▸ What the task asks:
Only the lines below starting at the one containing "X с Cyberpunk2077" and ending at the one containing "Main Image - Isolá 'Karma' Slingback Sandal" belong in the answer, each copied exactly.

▸ Records supplied:
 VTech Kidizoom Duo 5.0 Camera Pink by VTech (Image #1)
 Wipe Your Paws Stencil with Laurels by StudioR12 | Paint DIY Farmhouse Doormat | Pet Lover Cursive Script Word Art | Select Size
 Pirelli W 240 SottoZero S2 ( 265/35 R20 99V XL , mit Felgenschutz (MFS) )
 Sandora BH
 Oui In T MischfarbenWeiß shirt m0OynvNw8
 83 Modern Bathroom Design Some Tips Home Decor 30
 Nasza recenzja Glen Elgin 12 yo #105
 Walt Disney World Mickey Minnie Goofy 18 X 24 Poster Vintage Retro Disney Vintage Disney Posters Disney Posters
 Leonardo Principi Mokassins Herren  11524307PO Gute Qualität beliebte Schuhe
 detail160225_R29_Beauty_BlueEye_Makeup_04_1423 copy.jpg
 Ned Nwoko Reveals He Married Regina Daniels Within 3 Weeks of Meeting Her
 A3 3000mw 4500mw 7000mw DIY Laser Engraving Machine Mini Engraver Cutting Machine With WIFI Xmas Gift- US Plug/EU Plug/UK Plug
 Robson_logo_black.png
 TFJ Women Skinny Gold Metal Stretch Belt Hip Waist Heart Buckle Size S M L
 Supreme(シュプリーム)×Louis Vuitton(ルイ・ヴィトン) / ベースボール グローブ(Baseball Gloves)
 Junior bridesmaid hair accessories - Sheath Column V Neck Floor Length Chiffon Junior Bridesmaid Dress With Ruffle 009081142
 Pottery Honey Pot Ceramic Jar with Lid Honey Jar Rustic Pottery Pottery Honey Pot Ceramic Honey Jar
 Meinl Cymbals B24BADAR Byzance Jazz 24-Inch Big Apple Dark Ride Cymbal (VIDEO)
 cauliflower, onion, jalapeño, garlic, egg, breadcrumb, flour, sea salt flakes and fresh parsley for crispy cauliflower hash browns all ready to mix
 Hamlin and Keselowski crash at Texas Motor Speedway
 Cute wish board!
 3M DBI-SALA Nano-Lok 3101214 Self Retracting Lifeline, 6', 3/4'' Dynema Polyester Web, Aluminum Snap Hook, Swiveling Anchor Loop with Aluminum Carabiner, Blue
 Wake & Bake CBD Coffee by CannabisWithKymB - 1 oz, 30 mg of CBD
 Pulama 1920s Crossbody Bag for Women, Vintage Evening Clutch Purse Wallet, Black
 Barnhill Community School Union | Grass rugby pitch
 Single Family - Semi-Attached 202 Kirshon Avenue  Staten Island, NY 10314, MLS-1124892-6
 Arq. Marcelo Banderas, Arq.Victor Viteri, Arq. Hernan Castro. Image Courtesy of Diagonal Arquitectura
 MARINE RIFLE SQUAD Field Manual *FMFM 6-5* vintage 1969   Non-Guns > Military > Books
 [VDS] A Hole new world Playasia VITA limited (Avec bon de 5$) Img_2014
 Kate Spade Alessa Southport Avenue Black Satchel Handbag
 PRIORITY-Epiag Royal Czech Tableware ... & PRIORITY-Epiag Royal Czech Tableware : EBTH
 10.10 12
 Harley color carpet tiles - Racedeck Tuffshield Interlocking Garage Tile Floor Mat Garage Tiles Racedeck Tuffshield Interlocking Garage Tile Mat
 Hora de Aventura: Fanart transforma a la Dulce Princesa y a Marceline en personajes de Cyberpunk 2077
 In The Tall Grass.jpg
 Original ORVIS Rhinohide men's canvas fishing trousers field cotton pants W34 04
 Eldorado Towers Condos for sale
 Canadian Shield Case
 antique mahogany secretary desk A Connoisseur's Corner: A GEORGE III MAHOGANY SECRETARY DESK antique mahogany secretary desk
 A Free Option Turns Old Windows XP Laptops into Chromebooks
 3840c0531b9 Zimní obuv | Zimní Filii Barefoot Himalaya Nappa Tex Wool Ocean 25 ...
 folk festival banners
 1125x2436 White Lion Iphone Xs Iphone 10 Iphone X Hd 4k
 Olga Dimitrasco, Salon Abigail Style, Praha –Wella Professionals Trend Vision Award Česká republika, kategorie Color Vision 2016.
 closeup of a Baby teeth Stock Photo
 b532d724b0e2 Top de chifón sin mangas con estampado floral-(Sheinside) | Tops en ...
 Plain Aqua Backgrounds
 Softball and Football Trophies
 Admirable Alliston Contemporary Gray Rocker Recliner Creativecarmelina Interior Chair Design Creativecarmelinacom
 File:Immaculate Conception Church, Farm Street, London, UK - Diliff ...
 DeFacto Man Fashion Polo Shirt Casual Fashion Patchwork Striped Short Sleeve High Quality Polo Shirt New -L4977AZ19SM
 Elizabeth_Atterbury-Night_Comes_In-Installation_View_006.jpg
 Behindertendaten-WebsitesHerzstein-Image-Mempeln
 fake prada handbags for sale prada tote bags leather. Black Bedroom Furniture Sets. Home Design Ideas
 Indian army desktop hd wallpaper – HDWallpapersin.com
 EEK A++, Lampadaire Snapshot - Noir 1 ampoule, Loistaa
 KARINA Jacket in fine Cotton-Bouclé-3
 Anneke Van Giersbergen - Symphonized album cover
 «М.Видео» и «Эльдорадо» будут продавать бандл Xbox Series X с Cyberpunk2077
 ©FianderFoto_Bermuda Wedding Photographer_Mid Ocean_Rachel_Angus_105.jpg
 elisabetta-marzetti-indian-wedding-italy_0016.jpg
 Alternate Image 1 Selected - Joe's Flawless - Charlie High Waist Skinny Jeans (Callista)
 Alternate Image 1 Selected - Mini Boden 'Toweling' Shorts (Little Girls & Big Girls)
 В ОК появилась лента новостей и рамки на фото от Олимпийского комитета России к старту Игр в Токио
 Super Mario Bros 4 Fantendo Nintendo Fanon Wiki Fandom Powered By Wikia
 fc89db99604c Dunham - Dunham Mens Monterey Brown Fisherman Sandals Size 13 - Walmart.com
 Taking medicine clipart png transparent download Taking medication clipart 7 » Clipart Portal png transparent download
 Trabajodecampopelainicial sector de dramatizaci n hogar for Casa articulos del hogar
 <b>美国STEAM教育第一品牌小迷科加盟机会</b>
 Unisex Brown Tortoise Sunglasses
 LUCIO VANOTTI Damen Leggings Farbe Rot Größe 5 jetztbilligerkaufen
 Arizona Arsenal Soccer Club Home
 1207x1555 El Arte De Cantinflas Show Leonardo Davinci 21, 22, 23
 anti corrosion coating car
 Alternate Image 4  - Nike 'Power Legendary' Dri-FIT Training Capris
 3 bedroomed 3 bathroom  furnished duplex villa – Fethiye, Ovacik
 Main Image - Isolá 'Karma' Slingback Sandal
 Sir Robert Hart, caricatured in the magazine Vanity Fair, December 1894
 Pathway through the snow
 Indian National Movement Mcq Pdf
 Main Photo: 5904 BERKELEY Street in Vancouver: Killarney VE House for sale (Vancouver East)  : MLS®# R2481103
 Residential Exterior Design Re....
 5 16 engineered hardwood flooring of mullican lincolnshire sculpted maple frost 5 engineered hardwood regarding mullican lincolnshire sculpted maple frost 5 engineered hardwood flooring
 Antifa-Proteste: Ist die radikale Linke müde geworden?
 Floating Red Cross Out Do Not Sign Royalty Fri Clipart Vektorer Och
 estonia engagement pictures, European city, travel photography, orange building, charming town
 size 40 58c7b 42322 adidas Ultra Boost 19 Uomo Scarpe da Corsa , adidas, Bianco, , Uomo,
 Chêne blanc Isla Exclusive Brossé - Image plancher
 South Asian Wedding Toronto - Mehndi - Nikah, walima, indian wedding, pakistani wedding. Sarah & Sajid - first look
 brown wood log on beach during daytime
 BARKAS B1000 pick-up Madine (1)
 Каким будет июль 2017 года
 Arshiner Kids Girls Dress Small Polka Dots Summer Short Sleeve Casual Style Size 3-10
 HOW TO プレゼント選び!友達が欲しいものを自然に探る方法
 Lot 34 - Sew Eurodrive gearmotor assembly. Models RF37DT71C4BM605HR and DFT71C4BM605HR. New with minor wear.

▸ Solution to this exercise:
 «М.Видео» и «Эльдорадо» будут продавать бандл Xbox Series X с Cyberpunk2077
 ©FianderFoto_Bermuda Wedding Photographer_Mid Ocean_Rachel_Angus_105.jpg
 elisabetta-marzetti-indian-wedding-italy_0016.jpg
 Alternate Image 1 Selected - Joe's Flawless - Charlie High Waist Skinny Jeans (Callista)
 Alternate Image 1 Selected - Mini Boden 'Toweling' Shorts (Little Girls & Big Girls)
 В ОК появилась лента новостей и рамки на фото от Олимпийского комитета России к старту Игр в Токио
 Super Mario Bros 4 Fantendo Nintendo Fanon Wiki Fandom Powered By Wikia
 fc89db99604c Dunham - Dunham Mens Monterey Brown Fisherman Sandals Size 13 - Walmart.com
 Taking medicine clipart png transparent download Taking medication clipart 7 » Clipart Portal png transparent download
 Trabajodecampopelainicial sector de dramatizaci n hogar for Casa articulos del hogar
 <b>美国STEAM教育第一品牌小迷科加盟机会</b>
 Unisex Brown Tortoise Sunglasses
 LUCIO VANOTTI Damen Leggings Farbe Rot Größe 5 jetztbilligerkaufen
 Arizona Arsenal Soccer Club Home
 1207x1555 El Arte De Cantinflas Show Leonardo Davinci 21, 22, 23
 anti corrosion coating car
 Alternate Image 4  - Nike 'Power Legendary' Dri-FIT Training Capris
 3 bedroomed 3 bathroom  furnished duplex villa – Fethiye, Ovacik
 Main Image - Isolá 'Karma' Slingback Sandal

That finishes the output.